Discipline is another one of the many important skills that are taught. Discipline relates to various different factors, one being time management. Time management is beneficial when striving to be productive. It requires focusing on the task at hand and provides the ability to plan accordingly, increasing efficiency in multiple assignments. Discipline also forces individuals to acknowledge and respect authority. This compels them to follow certain guidelines and methods of conduct, which is so significant in everyday life. When disciplined you learn to follow through with commitments and you recognize that there are consequences for unacceptable behavior. For example: Being late to practice can result in substantial fines or loss of position. Those consequences can be detrimental. Having to face them may instill a stronger desire to not allow that or similar situations to happen again.

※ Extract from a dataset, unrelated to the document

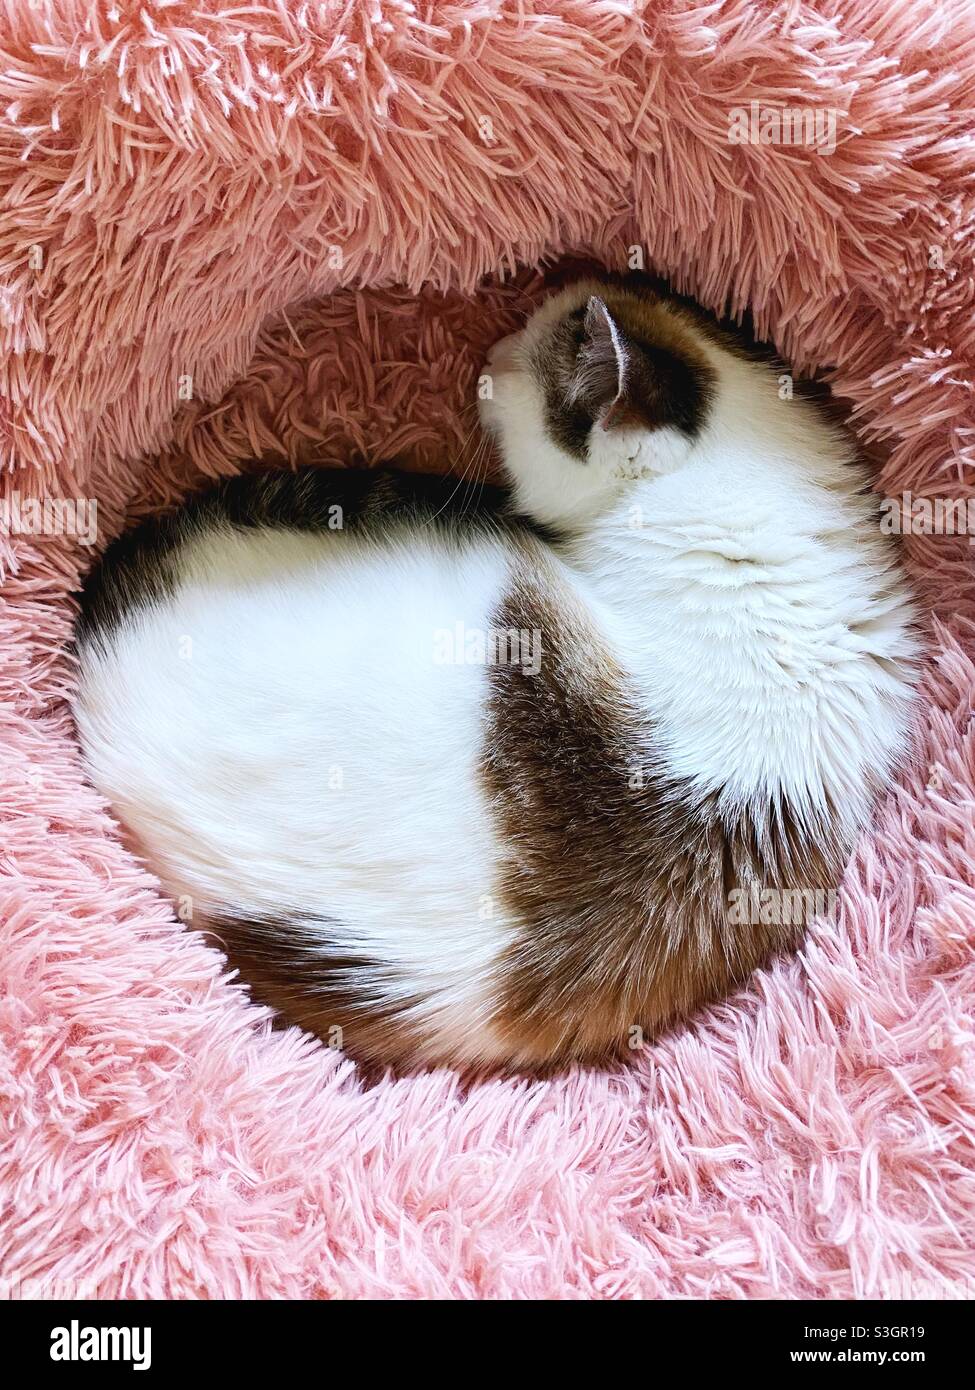 Eine weiße und braune Katze rollte sich in einem rosafarbenen, flauschigen Bett zusammen. Stockfoto

There are a number of skills that are taught when playing sports. Organization, socialization, time management, teamwork, hard work, loyalty, sacrifice, contribution, commitment and character development are some of those, just to name a few. Every individual that plays a sport is taught these things, but what’s important is recognizing and using these skills in daily living. Take notice of how some of these skills can positively affect life at home. Time management is very important when raising children. Managing their daily activities and schedules while still allocating the appropriate time for a spouse requires skill. Commitment is essential to having a flourishing marriage. Spending quality time and performing acts of service takes commitment and, according to Gary Chapman, author of the book, “The 5 Love Languages”, will result in a “full love tank” for your spouse. The old saying “happy wife, happy life” might very well be true, but it takes instilling good values and morals within yourself to first make yourself happy, thus leading to the ability to make others happy. Exhibiting discipline within the home is a great example to set for children. That can contribute to them being positive influences in society. Also, displaying the ability to cope with loss and failure demonstrates strength, which is necessary for the sake of the family as being the head of the household.
As you can see, playing sports speaks far higher volumes than the physical talent and skill associated with it; what is fulfilling isn’t the records that have been broken, that’s the bonus, it’s the advantage these individuals have of being crafted with life skills that can’t be taught in a classroom, and unfortunately aren’t always taught at home. It’s an involvement in an activity that focuses on teaching important life lessons making you a positive, contributing individual to society and to your family, on and off the field.